Vera S. Bedenken waren damit nicht zerstreut, sie habe letztlich im Januar 2008 aber doch ihr o.k. gegeben, mündlich, zum Teil-B, weil ihr Vorgesetzter Dr. Gössmann ihr letztlich keine Wahl ließ. Es sei eine aufsichtsrechtliche Grauzone gewesen, sagt sie heute. Schriftlich hat sie nichts ausgearbeitet, genauso wenig wie ihr Kollege Sascha E. Gesprächsnotizen der geführten Telefonate, die die Aussage der Zeugin stützten könnten, existieren nicht.

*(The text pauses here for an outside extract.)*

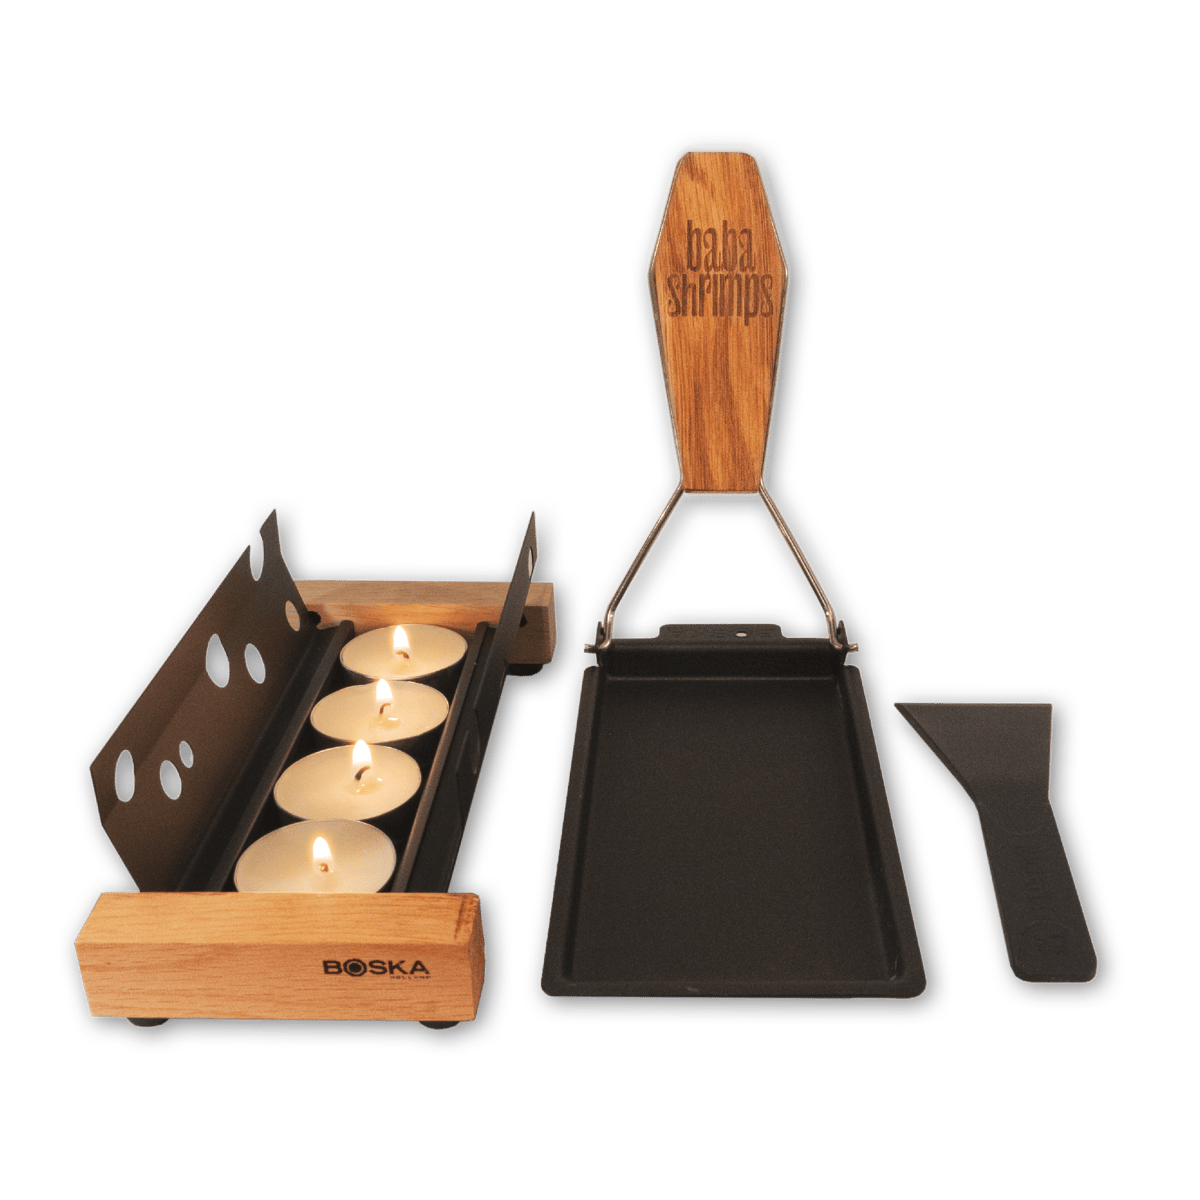 Image of Baba Shrimps Raclette Kit

Wichtig: Die Vorstandsvorlage zu Omega 55 stellt beide Teile dar und setzt sie in Zusammenhang. Die Vorstände haben das Ende Dezember 2007 unterschrieben. Und so, wie es sich jetzt darstellt, ohne umfassende rechtliche Prüfung.

Wer erinnert sich hier richtig? Oder wer redet sich die Vergangenheit schön?

Dr. Sascha E. jedenfalls ist auch als Zeuge geladen, genauso wie der Leiter der Rechtsabteilung, Dr. Wolfgang Gössmann.

(Die HSH kündigte übrigens ihrem Chefjustiziar Wolfgang Gössmann zum 30. September 2011 wegen des Verdachts auf Untreue. Das Arbeitsgericht Hamburg bestätigte die Entlassung als rechtens.)
 

2 Kommentare Auch mitreden →
  1. bescheidwisser permalink
    15. Oktober 2013 @ 20:41

    „Eine Skizze musste reichen“ – noch dazu noch nicht mal selbst erstellt, sondern vom Kontrahenten zugeliefert ? Das war alles ? Das ist unglaublich.

    Damit ist ja offenkundig, dass der Vorstand ohne ausreichende rechtliche Prüfung – nur aufgrund der Zusicherungen aus London das Geschäft durchgewunken hat.

    • 16. Oktober 2013 @ 10:04

      So sieht es zumindest aus oder stellt sich dar nach Aussage der Juristin Vera S. Am 17. Oktober, 9:30 Uhr, geht der Prozess weiter und da ist dann ihr Kollege. Dr. Sascha E. geladen, der diese erste rechtlichen Prüfung abgegeben hat.
      Wir alle sind gespannt, ob er die Aussagen von Vera S. stützt oder etwas ganz anderes erzählt.